I've got an 2G iPod touch, with iPhone OS 2.x. This means there is software that simply won't run because it is not an iPhone (such as Sleep Cycle), and software which won't run because it is not the 3.x version of the OS (games - at least the Street fighter demo and some others). With an iPod Touch you have to buy the OS upgrades, which I haven't bothered to do.
By this summer you'll have to support the 1G, 2G and 3G versions of the iPod touch, the 1G, 2G and 3G iPhones, the 3G iPhone with more RAM and a faster processor, and the 4G iPhone with both more RAM and a higher resolution.

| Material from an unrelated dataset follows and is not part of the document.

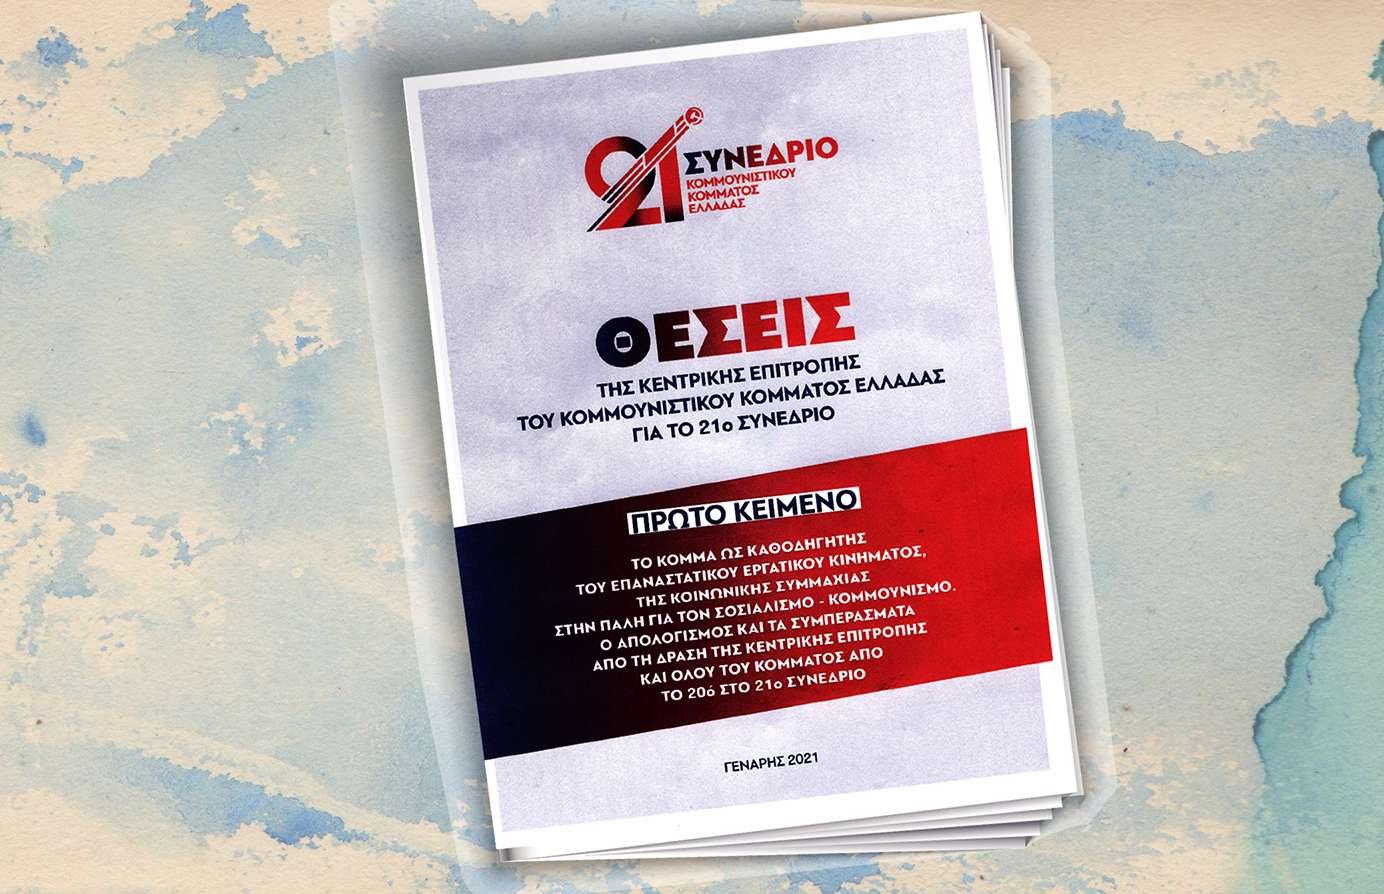 21ο Συνέδριο ΚΚΕ 21 synedrio KKE 1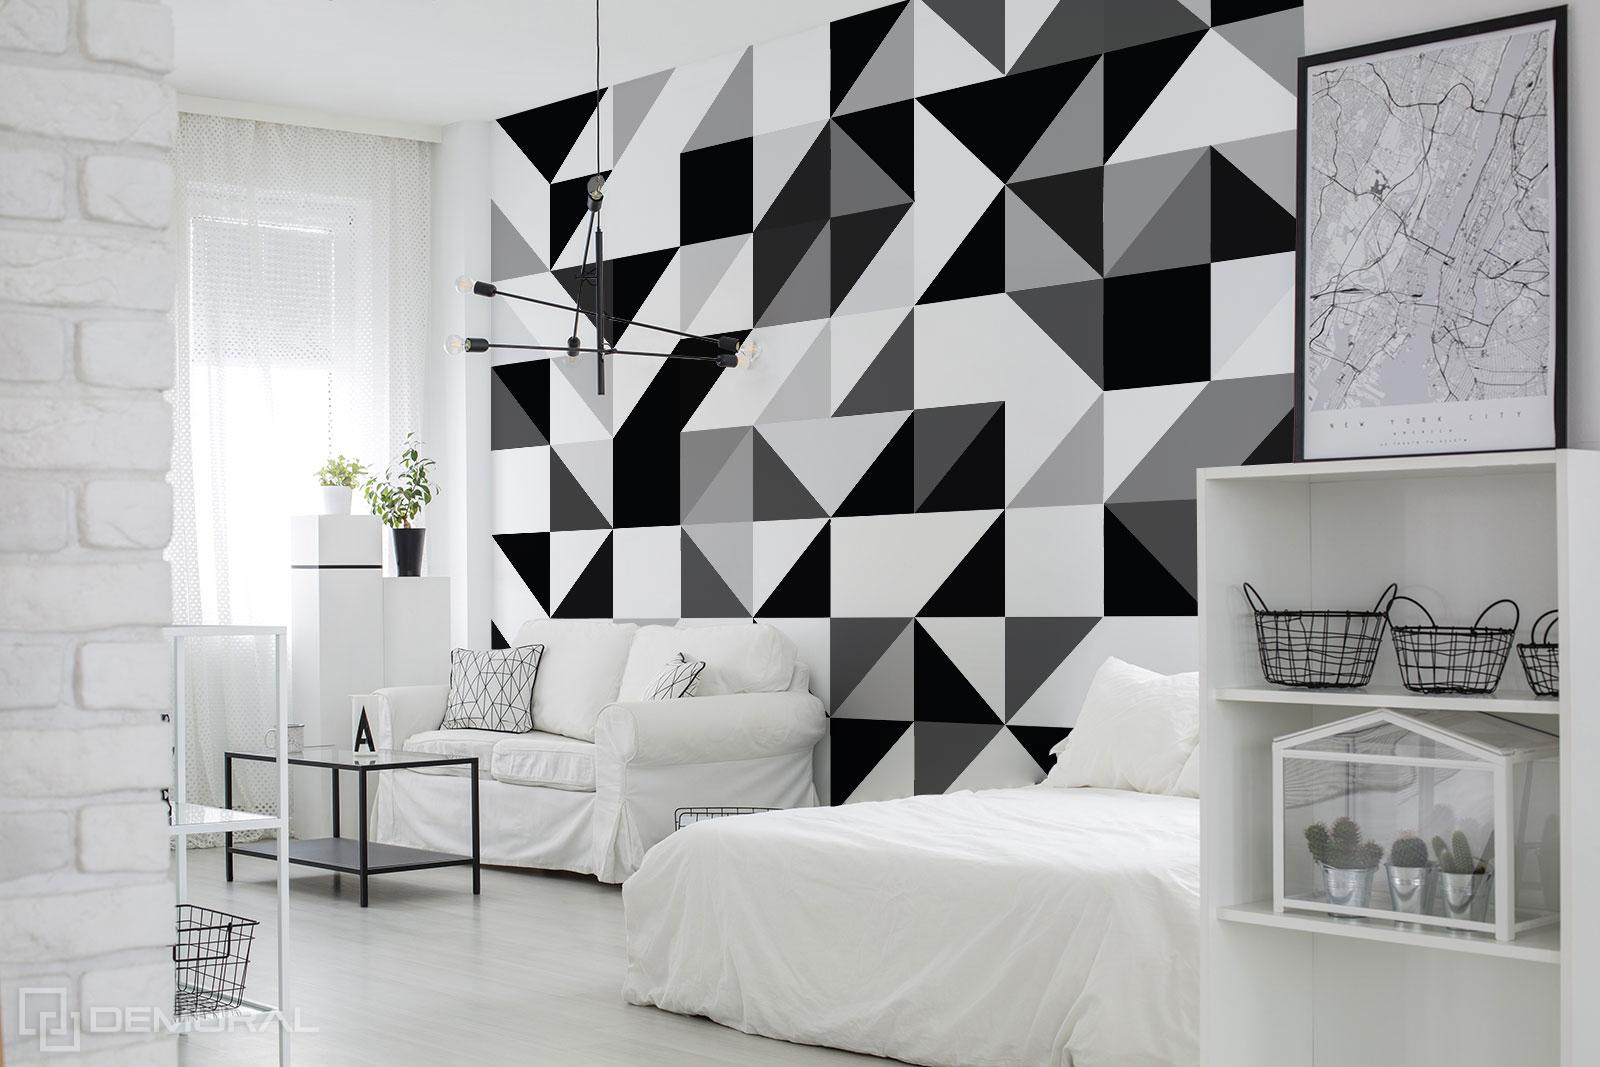 Fototapete Schwarz-Weiß-Formen - geometrisches Fototapete - Demural

Oh, and the iPad of course.
The biggest new challenge with "iphone 4g" is the higher resolution - some say this will be 960x640 (i.e 2x the current resolution hor/ver), which is imho unlikely as this would be the first use of such a LCD resolution ever.
To me this doesn't sound simpler than the Android fragmentation, at least with Android the market lets you know which apps you can install, and the vast majority actually works with 1.5. With the Appstore you might only get "oh, don't install this on an iPod touch, it won't work".
Android is also more developer friendly, e.g. the new feature introduced just before the 2.2 release - at least my N1 got a "report this crash button" before I upgraded to 2.2. (I don't want to speculate on the developer friendlyness of Apple, but recent news haven't been very good.